Malian cotton struggles against international subsidies

by Ruudhan Mac Cormaici

Cotton has been in Broulaye Traoré’s family long enough for him to remember the days when they used to call it “white gold.”

In the decades after Malian independence in 1960, surging global demand pushed yields higher and great swathes of land here in the Sikasso region, in the southwest of Mali, turned white as smallholders switched to the fluffy cash crop. When Traoré took over as head of his extended family in the early 1990s, he remembers business running smoothly.

“In 1994, there weren’t many problems with cotton,” he says, sitting in the shade of a tree in the village of Kolondieba, in the heart of Mali’s southern cotton belt. “It was straightforward: the government bought it from us and there was little trouble. The problems began a few years later, starting with problems getting paid.”

It’s the middle of the cotton harvest in Sikasso. Men and women can be seen in the fields from first light, leaning over the stalks, filling their baskets. Donkeys haul carts brimming with newly picked bulbs to the villages, where they’re collected by open-topped lorries that trundle for hours along dirt roads to deliver the stocks to the towns further north, where the raw product is packed for export.

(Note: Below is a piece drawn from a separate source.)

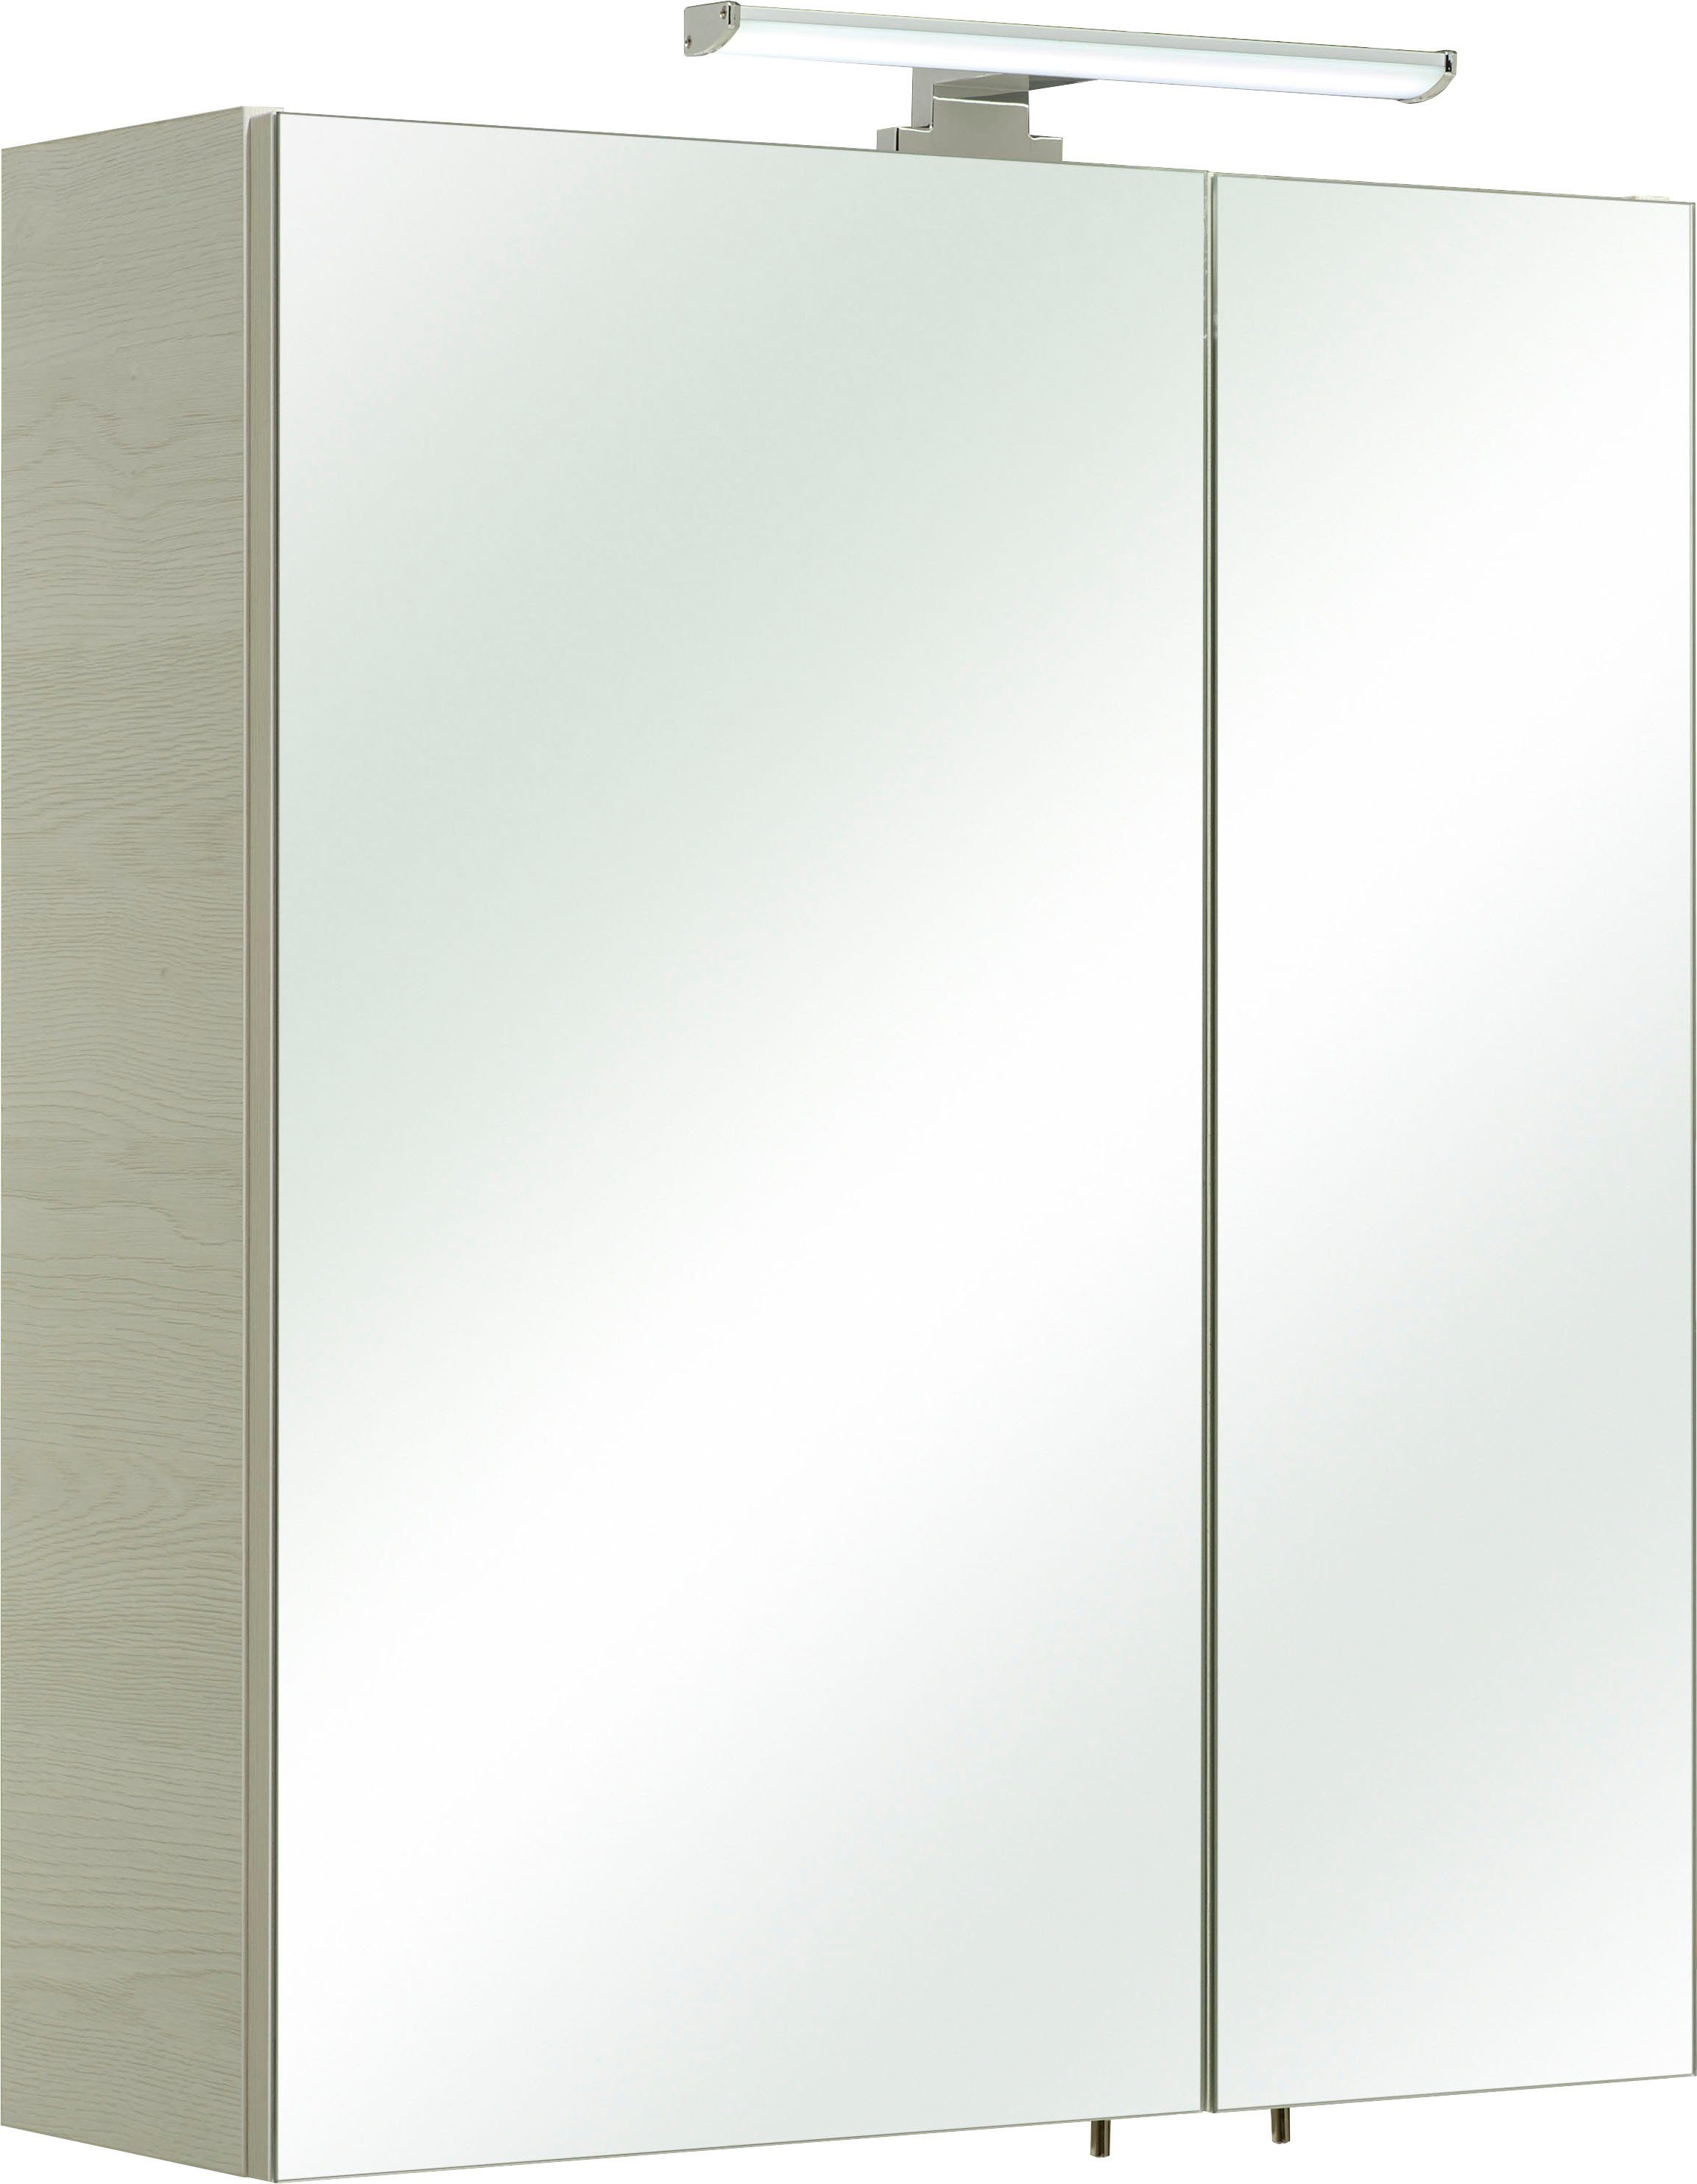 PELIPAL Spiegelschrank Schalter-/Steckdosenbox 936 60 cm, 2-türig, Quickset Breite LED-Beleuchtung

Mali’s reliance on cotton is hard to overstate. In a country that ranks 178th out of 182 in the UN’s human development index, about 40 per cent of rural households, or 2.5 million people, depend on cotton for their livelihood. The crop accounts for one-third of cultivated land and provides the second largest source of foreign exchange earnings. But here and across the Cotton-4 – or C-4, as the west Africa producer countries of Benin, Burkina Faso, Chad and Mali are collectively known – the industry is besieged by problems and the halcyon days of the late 20th century are retreating into memory.

Although Mali and its neighbours produce cotton more cheaply than anywhere else – a competitive advantage that logically should place the C-4 in a strong position to benefit from the world’s increasing appetite for cotton products – global processes outside their control have been constraining their potential.

A rise in cotton prices on world markets in 2007 and 2008 largely passed West African farmers by, because the dollar was weak against the CFA franc, which is pegged to the euro.

Then there is the long-term trend towards lower global prices, further dampened by a fall in demand for clothes when the recession took hold, which helps explain why production in the 12 main African cotton producers fell by 23.7 per cent between 2008 and 2009.

“The financial crisis hit Mali really hard,” says Rachel Hearson, business development manager for cotton at the Fairtrade Foundation. “Like other West African nations who rely on cotton for export revenue, they saw a dramatic reduction in orders for their cotton as the global demand for clothes dropped dramatically in the immediate aftermath of the collapse of western banks.”

Most of Mali’s cotton is exported to China, whose garment factories are the world’s biggest consumers but whose reduced output during the downturn has had a clear knock-on effect. In the same 12 African countries, production fell by 50 per cent between 2005 and 2009.

“The global crisis of 2008 led to big difficulties for us as well,” says Sidy Nguiro, of the pioneering Malian Organic Movement (Mobiom), a co-operative that includes 8,000 cotton producers.

“The market was badly hit, and it meant that 30-40 per cent of our production was unsold and just sat at the port in Dakar. The CMDT [state monopoly] couldn’t sell it.”

In Sikasso, falling prices led many smallholders simply to abandon cotton and replace it with food commodities such as maize or rice. Broulaye Traoré explains that in 1997 he had eight hectares of cotton, but the following year he halved it to four and kept it that way until last year, when prices stabilised and he planted more cotton seeds. Nearly everyone in his village – where cotton is grown by 95 per cent of farmers – did the same.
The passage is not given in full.